Apart from Napster, there are many other free cities that are offering the same services. This means that the copyright law must take the necessary step that will help rights owners to avoid the losses that they are incurring currently due to the inadequate protection and also the controversies associated with the use of the internet concerning copyright.

This uncertainty in the covering of the digital world could have acted as an incentive for the action taken by Fairey. As a result, this led to the unfair utilization of AP’s property and using it for his purposes. This shows that inadequate covering of all forms of intellectual property also leads to losses being suffered by copyright owners because they cannot be protected adequately. AP had to suffer as a result of the incapability of the copyright law to precisely highlight the issue of the internet under their umbrella.


From the issues highlighted by the case of Fairey and AP, it is evident that AP could suffer loss to Fairey who would benefit because of the inability of the copyright law to protect the rights adequately. This marks the weakness as portrayed by the media ethics framework. Although most of the loopholes are a result of fair use, they could easily be sealed if a better way of defining the limits of fair use was enacted. Otherwise, more rights owners will continue to suffer loss just like AP while scrupulous people continue benefiting through minor diversions of an idea and protecting themselves under the fair use exception.

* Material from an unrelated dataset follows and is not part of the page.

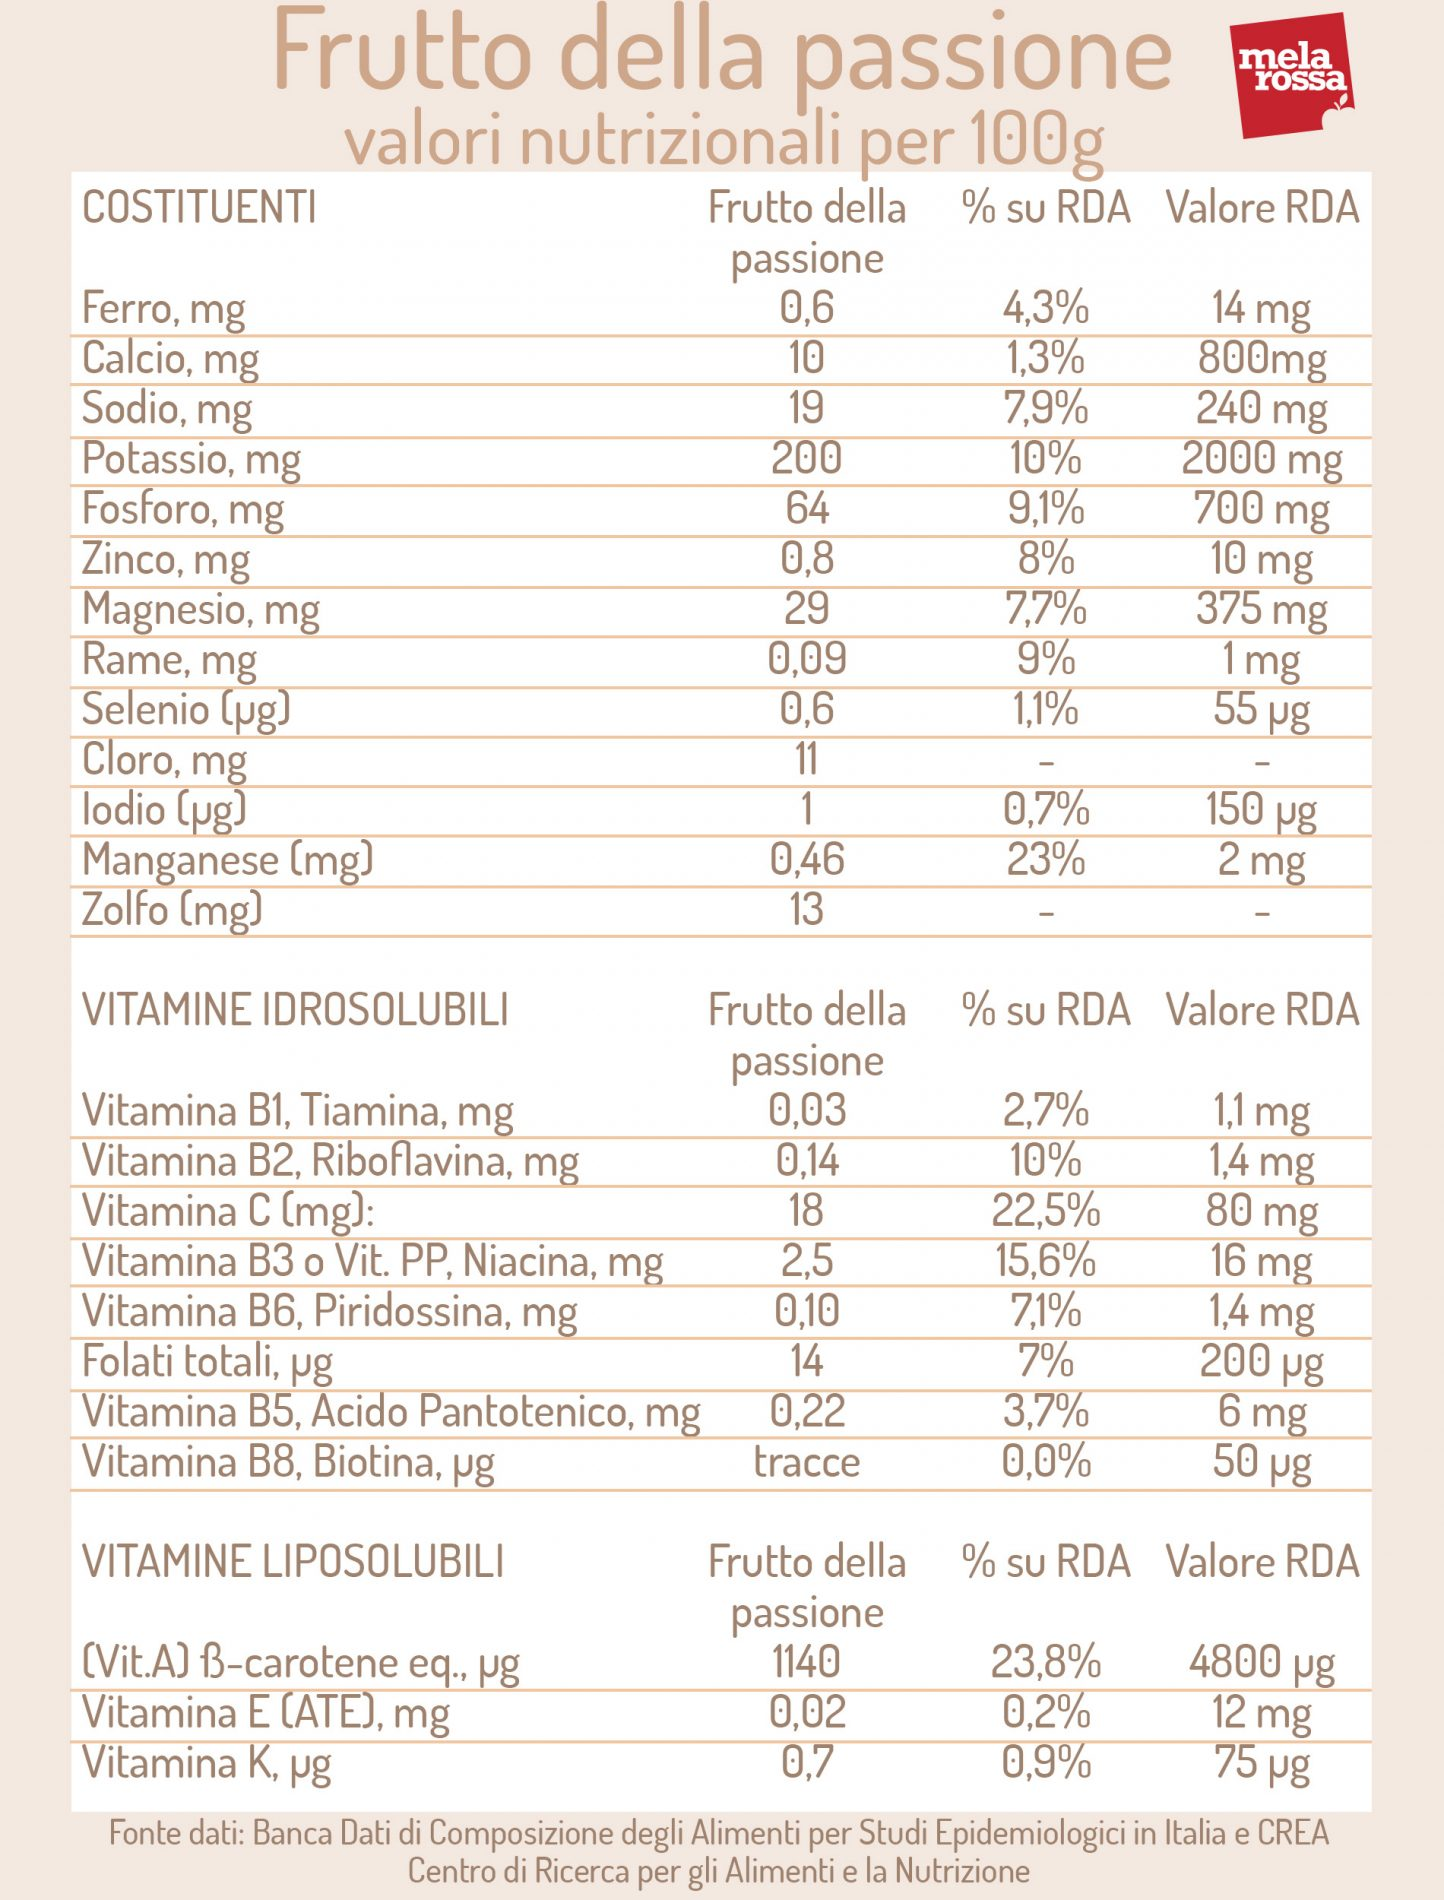 frutto della passione: valori nutrizionali

In addition, as the world advances technologically, it calls for organizations to be vigilant and receptive to remain afloat. The media is not left outside this bracket. Constant readjustments should be made often to include the new inventions in technology. The advent of the web, for example, marks one of the technological inventions that the media’s ethics have not covered adequately. Without a good outline of how the use of the internet will be accounted for within the media ethics, cases like Fairey and AP’s will continue to frequent the news and the media as a field will remain outdated and incapable to serve its functions.